Mathematica code to check if this is correct:

x = E;
n = 27;
P0 = 1;
P1 = -1;
Q0 = 0;
Q1 = 1;
P2 = 2 P1 + (1 + Tan[x]^2) P0;
Q2 = 2 Q1 + (1 + Tan[x]^2) Q0;
P0 = P1;
Q0 = Q1;
P1 = P2;
Q1 = Q2;
Do[P2 = N[2 P1 - (1 + Tan[x]^2) P0, 100];
  Q2 = N[2 Q1 - (1 + Tan[x]^2) Q0, 100];
  P0 = P1;
  Q0 = Q1;
  P1 = P2;
  Q1 = Q2, {j, 1, n - 2}];
P2 = P1 - (1 + Tan[x]^2) P0;
Q2 = Q1 - (1 + Tan[x]^2) Q0;
N[P2/Q2, 30]
N[Tan[x] Tan[n x], 30]

Output:

-0.972583586120160317233394921301

-0.972583586120160317233394921301

---

Edit

If we use another form of the same formula:

$$\frac{\tan nx}{\tan x}=\frac{1+\frac{\tan (n-1)x}{\tan x}}{1-\tan^2 x \frac{\tan (n-1)x}{\tan x}}$$

And the obvious recurrence:

$$f_n=\frac{1+f_{n-1}}{1-\tan^2 x f_{n-1}}$$

It's not hard to derive the general continued fraction for this case (through the forward recurrence for the numerators and denominators), which turns out to be similar, but much more simple:

$$\frac{\tan nx}{\tan x}=\frac{P_n}{Q_n}$$

$$P_0=0 \qquad Q_0=1 \\ P_1=1 \qquad Q_1=1$$

$$ 2 \leq k \leq n$$

$$P_k=2 P_{k-1}-(1+\tan^2 x) P_{k-2} \\ Q_k=2 Q_{k-1}-(1+\tan^2 x) Q_{k-2}$$

Again, checking with Mathematica:

x = E;
n = 27;
P0 = 0;
P1 = 1;
Q0 = 1;
Q1 = 1;
Do[P2 = N[2 P1 - (1 + Tan[x]^2) P0, 100];
  Q2 = N[2 Q1 - (1 + Tan[x]^2) Q0, 100];
  P0 = P1;
  Q0 = Q1;
  P1 = P2;
  Q1 = Q2, {j, 1, n - 1}];
N[P2/Q2, 30]
N[Tan[n x]/Tan[x], 30]

-4.79117292722386719363535903451

-4.79117292722386719363535903451

Answer 4

After the answer from Paul Enta it appears that the approach at the end of my question is also the same.
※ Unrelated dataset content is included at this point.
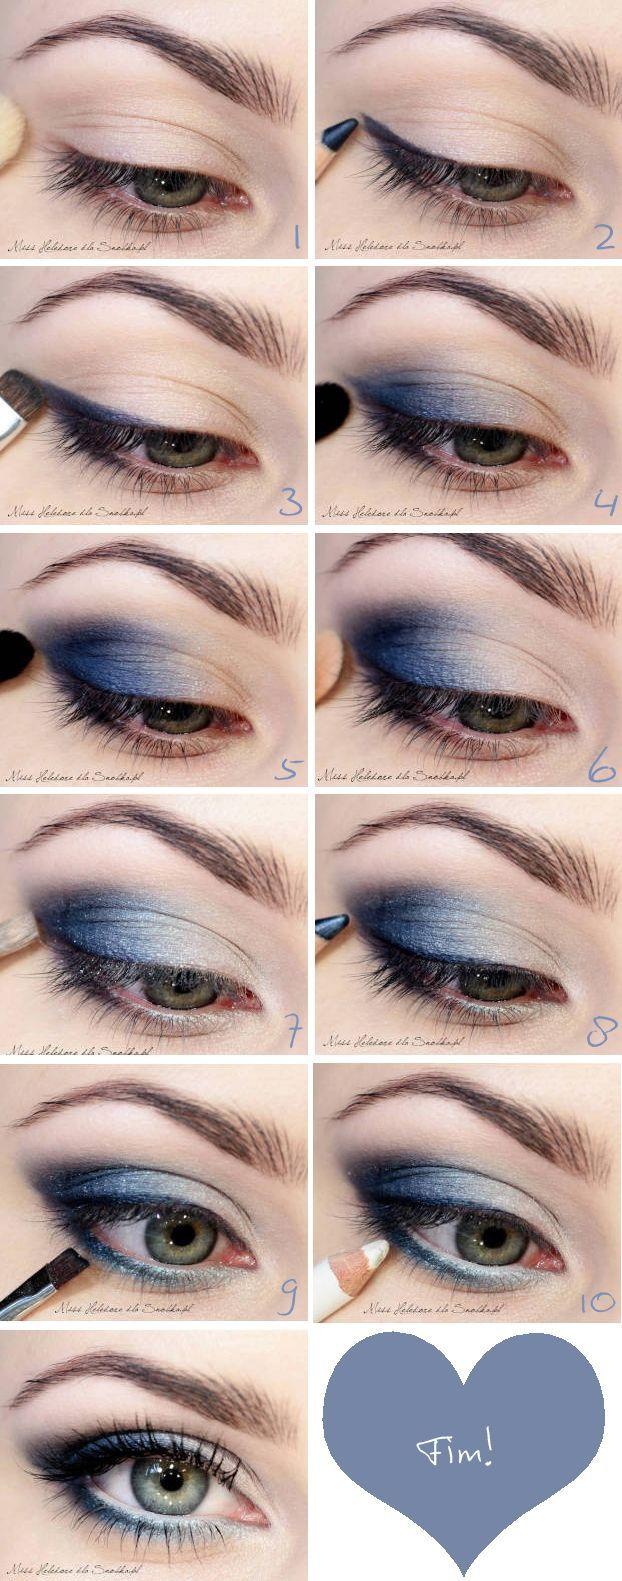 337dcfe67ec21d508b711d0fee6dcf7b - maquillaje ojos azules mejores equipos

The denominator of $\dfrac{\tan nx} {n\tan x} $ is $$1+\sum_{r=1}^{\infty} (-\tan^2x)^{r}\binom{n}{2r}$$ and ignoring first term the ratio of $(r+1)$'th term to $r$'th term is $$-\frac{(n-2r)(n-2r-1)}{2(2r+1)(r+1)}\tan^2x$$ which is a rational function in $r$ so that the series can be expressed as a hypergeometric function. The above ratio can be rewritten as $$\dfrac{\left(r+\dfrac{-n}{2}\right)\left(r+\dfrac{-n+1}{2}\right)} {\left(r+\dfrac{1}{2}\right)(r+1)} (-\tan^2x)$$ and thus the denominator of $\dfrac{\tan nx} {n\tan x} $ is $${} _{2}F_{1}\left(\frac{-n}{2},\frac{-n+1}{2};\frac{1}{2};-\tan^2x\right)$$ and in similar fashion the numerator can be written as $${} _{2}F_{1}\left(\frac{-n}{2}+1,\frac{-n+1}{2};\frac{3}{2};-\tan^2x\right)$$ and the proof is now complete via Gauss' continued fraction.